January 17, 2012 8:44 am

I use zinc-air batteries in my hearing aids. With the new technology, if they can get them to last a month in hearing aids then I’m all ears. Until then… not so much.

John F. Hultquist
January 17, 2012 8:51 am

DirkH says:
January 16, 2012 at 10:01 pm
Jake says:
January 16, 2012 at 9:09 pm
“Excellent, new patented battery technology. Now an oil company can buy it and sit on it for the next 20 years.”
You surely have some examples of oil companies doing that, and are happy to provide some links?

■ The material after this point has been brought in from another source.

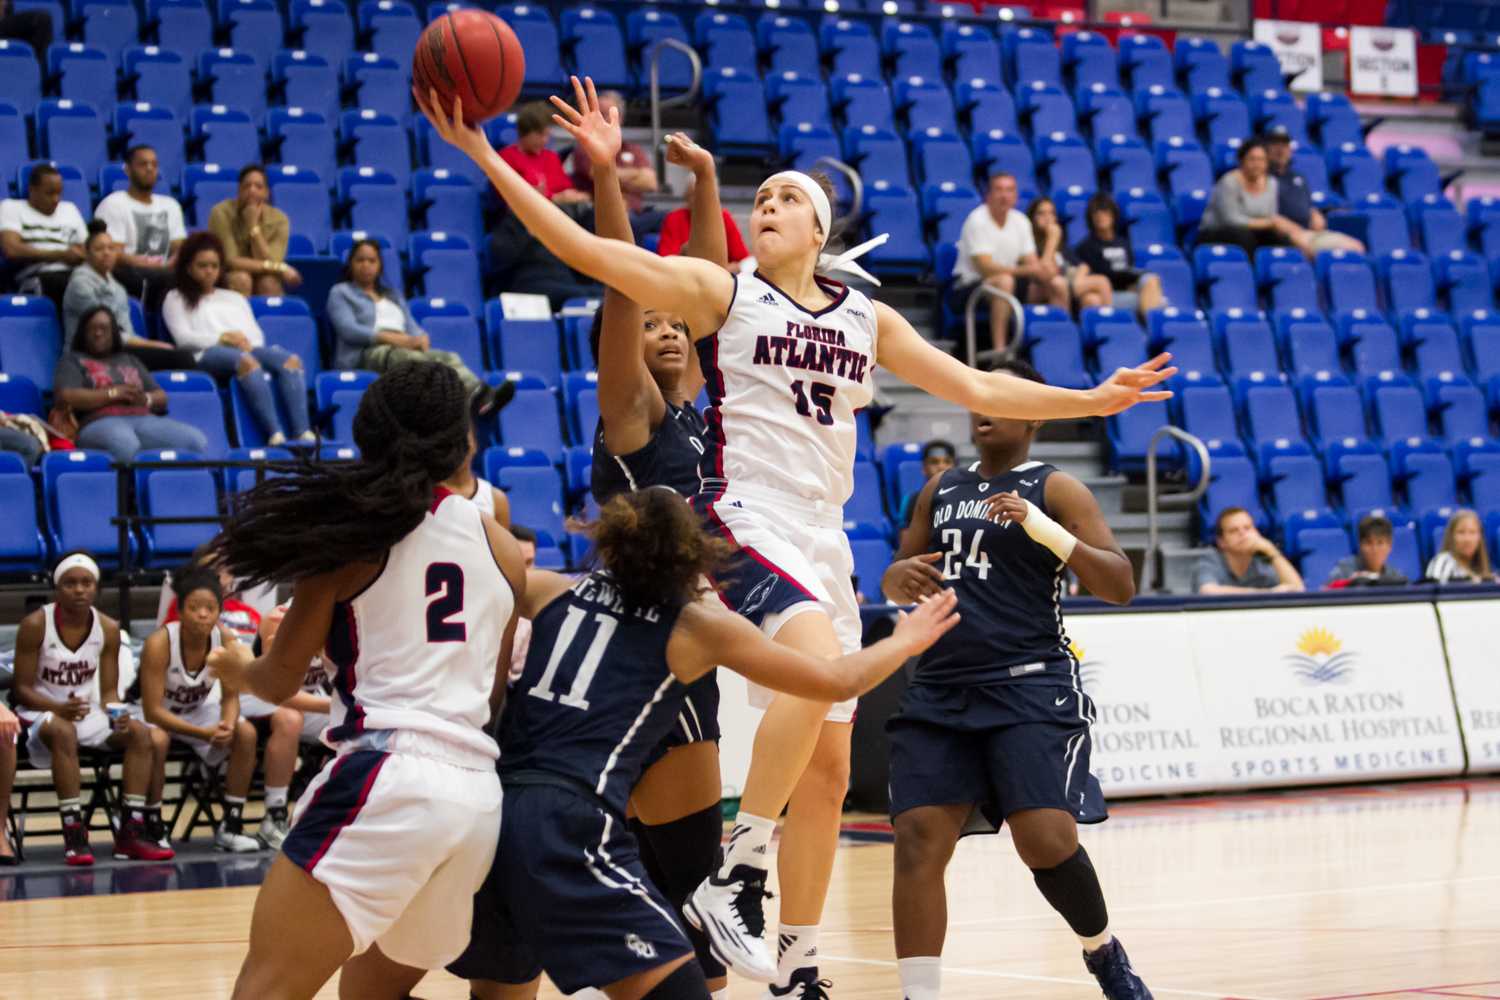 Cedeno attempts a shot in traffic. She was 1-of-9 in the Owls’ loss to ODU on Jan. 31.

The buy-and-sit-on thing (some say carburetors, others say . . .) is over the top. However, the issue has been seen before in the “so called” National City Lines conspiracy –
“. . . a number of other companies to purchase and dismantle streetcars (trams/trolleys) and electric trains in many cities across the United States and replace them with bus services. . . .”
http://en.wikipedia.org/wiki/Great_American_streetcar_scandal
I remember the electric trolley in Warren, PA.

January 17, 2012 9:03 am

“The big question: what is the conversion efficiency? “ Well, that’s a huge consideration, but also how scalable is it?
For some of the commenters here……… the implications aren’t towards oil use. They are towards electrical storage. People continually conflate the two issues.
People! Among many other things, we use oil and its derivatives to make our vehicles go…. vrooom! What we don’t use oil nor its derivatives for is electricity. (with very few exceptions.)

Poriwoggu
January 17, 2012 9:07 am

1. The 5000 cycles is a little better than ten year life if charged the equivalent of once a day.
2. The traditional zinc/air efficiency is 60% vs 70% for lead/acid.
If these batteries are needed for photovoltaic or wind power generation then the cost is:
cost of windmill or panels (amortized over 25 years)
cost of batteries (amortized over 10 years) + cost of inverter (ac -> dc, dc -> ac)
cost of maintenance
cost of installation
cost of disposal
The cost of power used directly is Total Cost per hour/watts generated per hour.
or TC / WG
Since about 10% of the power is lost in the inverter (for a total loss of 50%) the cost for power routed through the batteries is:
2 x TC / WG
Under ideal conditions wind is barely competitive with coal. Power routed through the batteries isn’t competitive with anything but photovoltaic.
To me this doesn’t look like a winner.

TRM
January 17, 2012 9:14 am

Unless the E-Cat stuff pans out the best battery is still thorium IMHO. Unless your battery can do away with the need for backup gas or coal generation then it isn’t going to fly.
Now if it is cheap enough for a serious number of homes (5-10%) to go off grid completely (where you really save the money) then that would free up a lot of capacity.

G. Karst
January 17, 2012 9:27 am

ANY advancement in battery technology is important and a much needed/welcome addition to our “off the shelf” technology supermarket. It may not be as exciting as the LENR technology but it could solve many intractable problems. GK

January 17, 2012 9:41 am

This reminds me the fusillade of articles a few years back about the coming breakthrough in room temperature superconductors. I have yet to see major implementations of this game changing technology.

woodNfish
January 17, 2012 9:44 am

Wind and solar are the choices of fools. They are not economically or technically viable, and if solar ever is, it will be the only one of the two. As soon as the subsidies go away, these two technolgies and the companies behind them will die.